You can change the camera angle in his tent, like you can do in your house. That should get you close enough to the painting to make out the details.


----------



## Rendra (Oct 30, 2013)

Ankhes said:


> And the one with the woman holding an ermine (or whatever) I cannot see on this screen if it is a ermine or a cat or what...



Look for a white tail hanging down. That is the cat's tail. FAKE.

If you can't show us the in-game pictures of the 4 pieces of art, what are the names of them? So we can help you look for the differences.
I've never heard of all of them being fake.


----------



## thunderbird36 (Oct 30, 2013)

*my solution*

not completely true I found on another wiki that tells what to physically look for as far as the appearance to the art he sells, and keep in mind that upon every visit there is one genuine piece of art that he sells so just remember that one of the four pieces he sells each week are real. Just go to the wiki and look for the forged paintings article an below it lists the paintings and sculptures comparing the fakes to the real deal I wish I could leave the link but I am new to the forum so I have to make three post before I can leave the link. Let me know if you have anymore trouble with this or anything else.


----------



## Ankhes (Oct 30, 2013)

I've tried that and get better angles, but on most paintings I still can't make things out. Thank you so much for the suggestion, tho.  Unless there is a way to zoom better that I haven't done... I'll try again.  Maybe you are right after all and I haven't seen all that I should be able to.

Oh, and thank you, Rendra!  I never looked for a dangling tail.  I'm sure I'll be able to see that.  Thank you!


----------



## VioletPrincess (Oct 30, 2013)

veronicay1218 said:


> hm thats really weird... :\
> I thought that there should always be at least 1 genuine painting
> 
> Maybe try this guide?
> http://animalcrossing.wikia.com/wiki/Forged_Painting



Thank you so much for this link.  It is much better.  Turns out that I have the authentic great statue.  The site that I used didn't have a AC picture of the authentic one.  Thank you all for your help.  I also have a hard time seeing the little pictures as well. Without that other guide showing the ac version of the statue I would have missed it.

- - - Post Merge - - -

I was absolutely positive the other 2 statues and the painting were fakes. One was the amazing painting but with the guy in the white on left (fake), The Capitoline Wolf with one child beneath (fake) and the Beautiful statue with long hair (fake) So it was the great statue that I was stuck on.  Thanks again.


----------



## Snow (Oct 30, 2013)

Ankhes said:


> I've tried that and get better angles, but on most paintings I still can't make things out.

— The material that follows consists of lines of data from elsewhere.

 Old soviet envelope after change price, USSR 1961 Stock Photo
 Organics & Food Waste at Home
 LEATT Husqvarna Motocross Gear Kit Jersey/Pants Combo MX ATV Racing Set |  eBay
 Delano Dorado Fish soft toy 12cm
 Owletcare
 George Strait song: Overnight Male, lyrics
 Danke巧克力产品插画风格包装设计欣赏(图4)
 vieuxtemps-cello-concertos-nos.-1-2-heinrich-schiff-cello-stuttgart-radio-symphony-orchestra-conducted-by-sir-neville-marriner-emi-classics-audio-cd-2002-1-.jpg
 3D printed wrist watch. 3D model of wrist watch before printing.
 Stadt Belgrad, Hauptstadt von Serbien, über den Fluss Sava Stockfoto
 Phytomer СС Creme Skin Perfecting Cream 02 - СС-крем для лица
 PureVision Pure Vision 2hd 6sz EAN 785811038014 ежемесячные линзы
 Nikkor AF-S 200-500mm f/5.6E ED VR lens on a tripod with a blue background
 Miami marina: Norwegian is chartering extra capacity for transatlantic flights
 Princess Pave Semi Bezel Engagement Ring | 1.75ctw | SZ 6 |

Thank you so much for the suggestion, tho.  Unless there is a way to zoom better that I haven't done... I'll try again.  Maybe you are right after all and I haven't seen all that I should be able to.


 once you've gotten yourself at a good angle, hit A to talk to redd, and that will zoom you in further. Most of the art I can tell without zooming but a couple of the paintings I need to look closer at. 

Glad you found your real piece, sansa! I was sure that there was always one real piece so the idea that they could be all fake was freaking me out!


----------



## Jake (Oct 30, 2013)

take a photo of all 4 and upload them here so we can see if you're not missing something?


----------



## Ankhes (Oct 30, 2013)

Ah, good tip, Snow!

Yeah...the idea that they could all be fake never occurred to me.  Some I don't mind because I keep the pieces for my house, but for the odd donation here and there I want to be careful.  

Wow...and to think our own "cousin" would do this to us!


----------



## VioletPrincess (Oct 30, 2013)

Snow said:


> Glad you found your real piece, sansa! I was sure that there was always one real piece so the idea that they could be all fake was freaking me out!



Me too D:


----------



## KarlaKGB (Oct 30, 2013)

Thonky's guide is the best: http://www.thonky.com/animal-crossing-new-leaf/paintings-works-of-art/

It tells you exactly what to look for.


----------



## Officer Berri (Oct 30, 2013)

I've had Redd come in and all his paintings/statues were fake before so it can't be impossible. It's only ever happened once though. I looked over all the real/fake pictures online dozens of times to make sure that I wasn't just missing something. But I wasn't. Every single piece of art he had that day was fake.


----------



## Snow (Oct 30, 2013)

It's never happened to me. But he did once have four pieces of authentic art!! So if he can have 4 real I'm sure he can have 4 fakes. What a bummer that would be though.


----------



## Pickles (Oct 31, 2013)

I've read that when you're having bad luck, all his paintings can be fake *shrug* Not sure if that's true or not, but I HAVE had it happen, too  So it's possible! Supposedly your fung shui can make him have more than one real piece of art, too. I haven't tested it out, though. It's a pain in the boot-ay!


----------



## DJStarstryker (Oct 31, 2013)

I've never seen a time with zero fakes I don't think. I once had a time with 2 real ones though. That was pretty nice. Most of the time you only get 1 real.


----------